Thomas F. Plaut, M.D.
The American Journal of Managed Care
Vol. 3, No. 3, March 1997

This article is designed for physicians, medical directors, and healthcare policy makers.
Edits are italicized.

Goal:
To provide the reader with the tools needed to monitor and manage the care of all enrollees with asthma.

Objectives:

  • Become familiar with a health maintenance organization (HMO)-wide data collection system.
  • Learn the essential elements of asthma care for patients.
  • Learn how to track the implementation of these elements in various HMO settings.
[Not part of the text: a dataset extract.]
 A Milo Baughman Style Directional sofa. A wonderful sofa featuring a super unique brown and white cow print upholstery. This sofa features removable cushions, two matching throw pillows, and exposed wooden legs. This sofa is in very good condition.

The National Heart, Lung, and Blood Institute published the Guidelines for the Diagnosis and Management of Asthma in 1991. The Guidelines was written to guide primary care practitioners in the diagnosis, assessment, treatment, and education of asthma patients. Although asthma experts who serve as consultants to managed care organizations are aware of the Guidelines, only a few have been able to implement them successfully on an HMO-wide basis. It is relatively easy to implement a program serving a small number of patients with special staff. Improving asthma care in an entire HMO requires that the administration generate reliable data and design a mechanism for inducing physicians to provide up-to-date asthma care. I have seen no published account of an HMO that has done this. In addition, the physicians must recognize the value of new techniques for care such as monitoring peak flow and using anti-inflammatory medicines to prevent attacks.
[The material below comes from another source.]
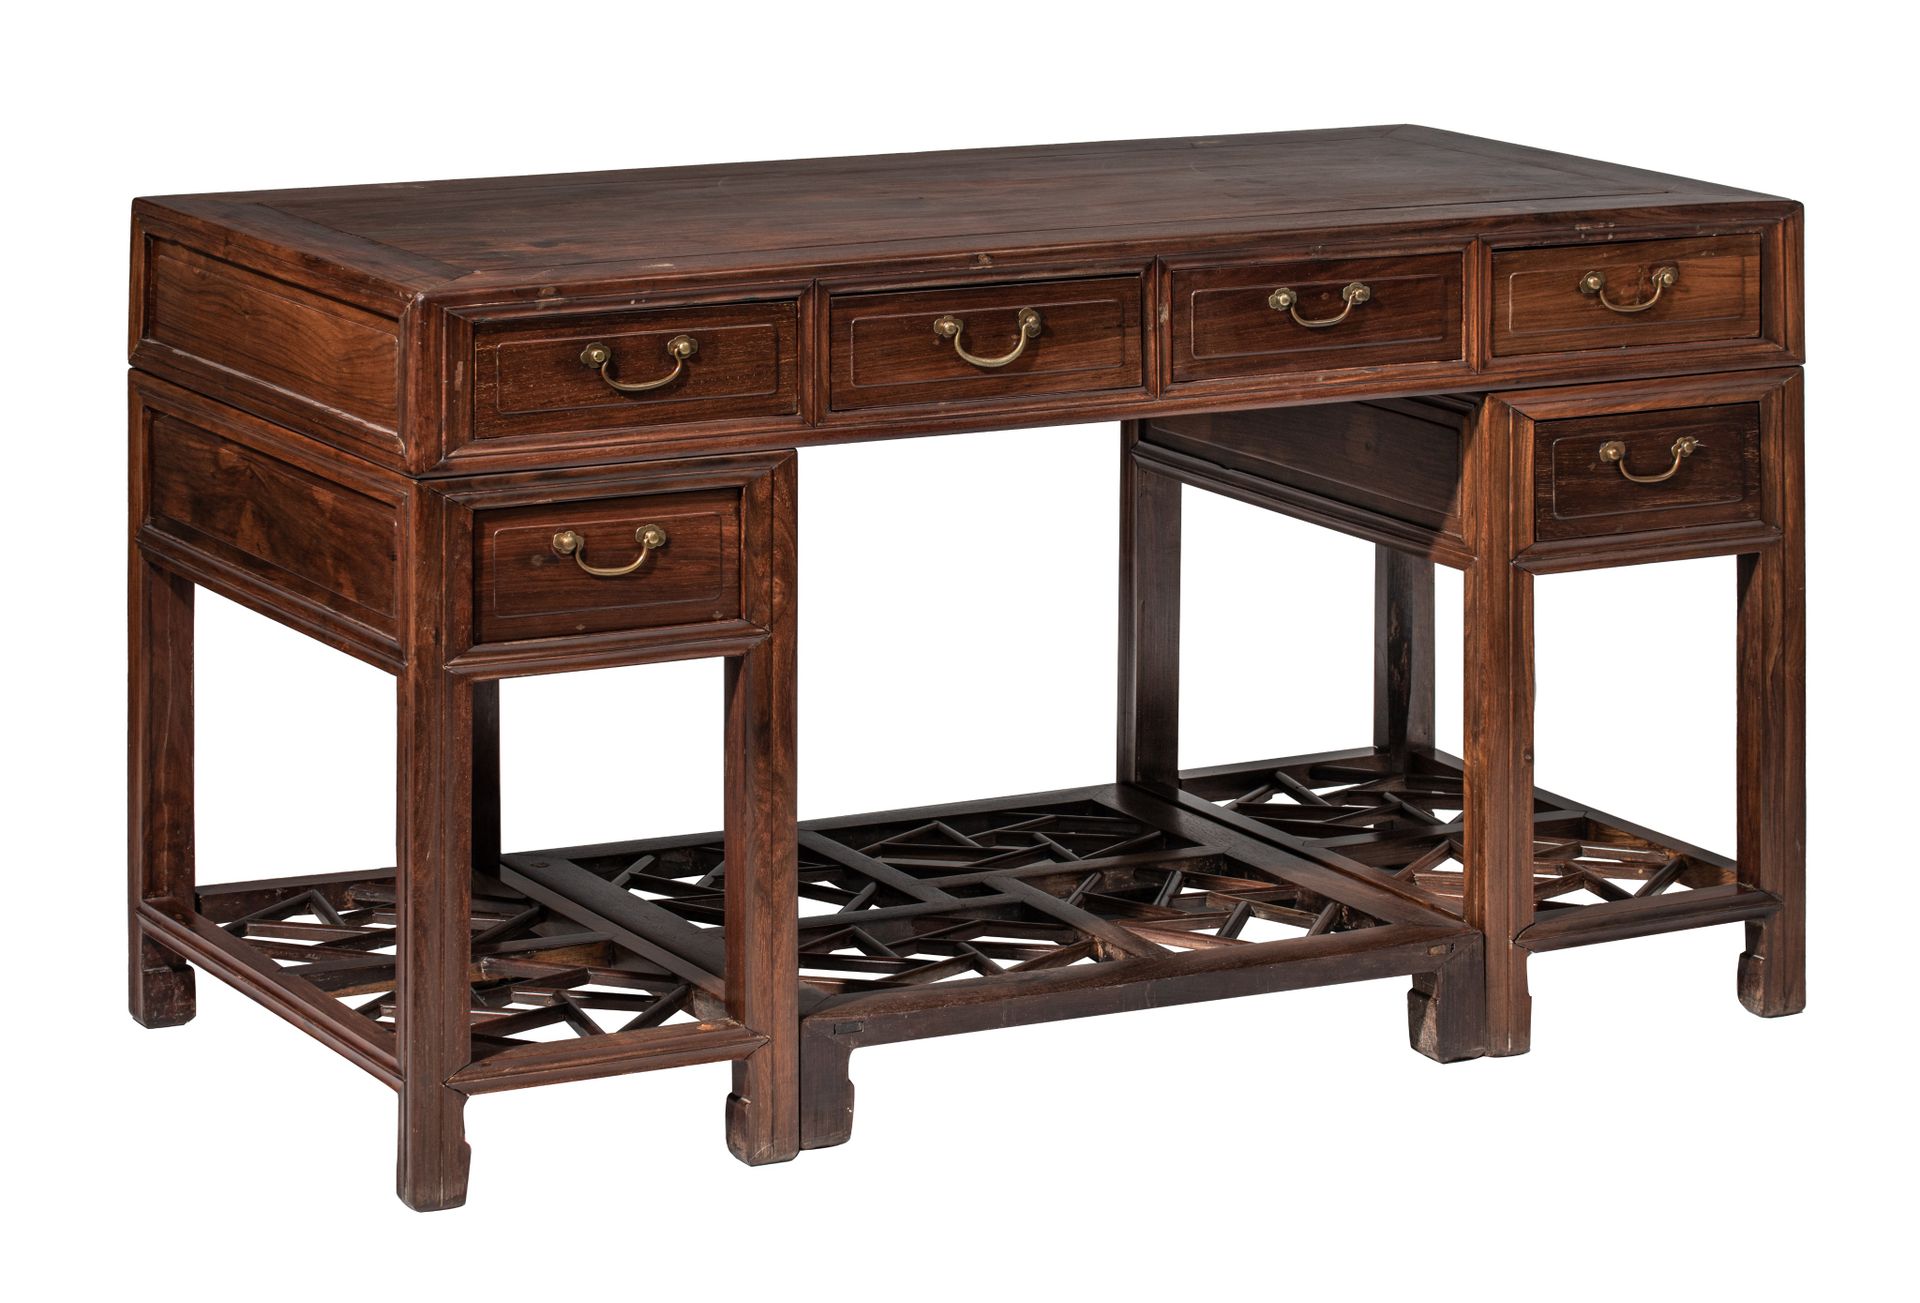 A Chinese hardwood desk, 20thC, H 83 - 144 x 72 cm Scrivania cinese in legno dur&hellip;

The update of the Guidelines, published February 1997, refined the earlier recommendations but introduced no major changes.

Before embarking on an intervention, it is important to understand the asthma care status of an organization. This can be accomplished by collecting appropriate data. Data collection is important for setting goals, planning the intervention, and evaluating outcomes. To be useful, data must be collected from accurate sources in a timely fashion. Reliable data can be used to measure the impact of the intervention and to identify problem areas within the HMO. Timely identification of problems can lead to their early remedy.
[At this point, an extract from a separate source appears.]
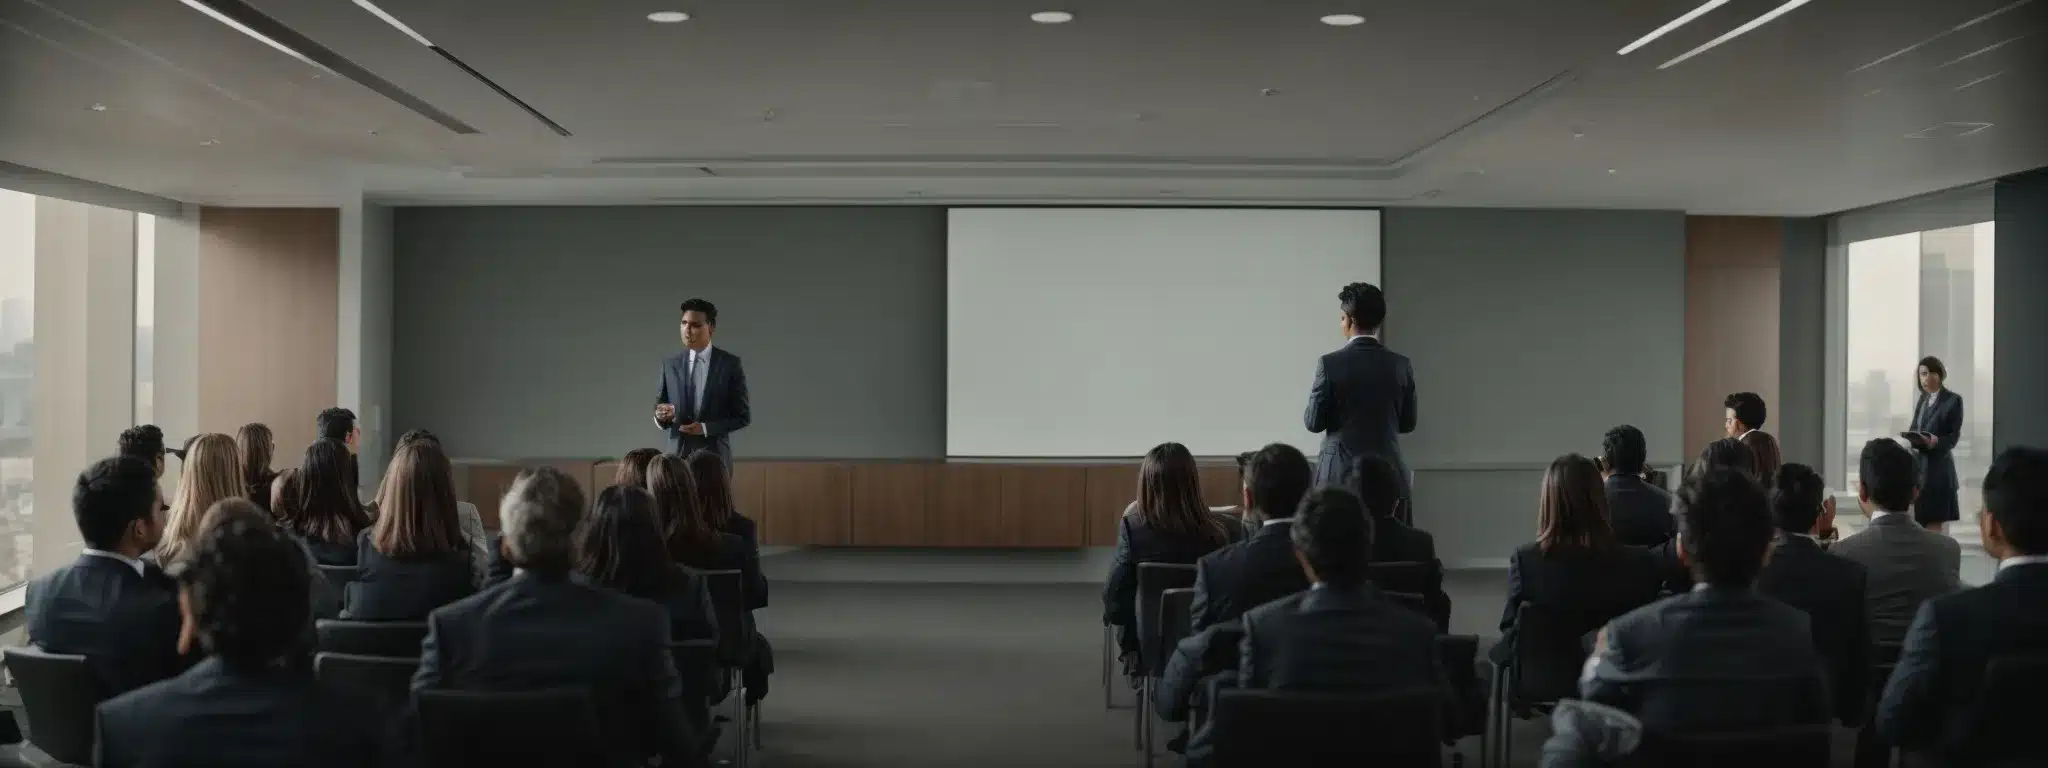 A Marketer Stands In A Conference Room, Engaging An Audience With A Presentation About Brand Positioning.

Many asthma programs collect a wide array of data but have no clear plan for responding to the results. In this article, I present a concise data collection instrument that I have used to compare asthma outcomes in more than a dozen HMOs. I then outline the essential elements of care for patients with moderate or severe chronic asthma. Finally, I present a simple tool for tracking implementation of these elements in the hospital, emergency department, or office.

Monitoring Outcomes of Care

The rate of hospital days generated by asthma provides more useful information than does any other measure of care. Hospital days are a better indicator of asthma care than hospital admissions because the rate of hospital admissions fails to distinguish between brief admissions for rescue therapy and admissions for which poor management necessitated prolonged stays. Transfers from one hospital to another are counted as admissions, confounding the data. The data should be expressed in days per thousand enrollees and can be compared with data from previous years and with data published by other HMOs and the National Center for Health Statistics (Table 1).2

Physicians who are under pressure to reduce admissions often will try to do so by providing intensive treatment in the office or emergency department. The number of admissions may decrease, but if treatment is inadequate the length of stay will increase. This outcome is not good for patients and is fiscally unsatisfactory (unless charges are based on admissions, rather than on days).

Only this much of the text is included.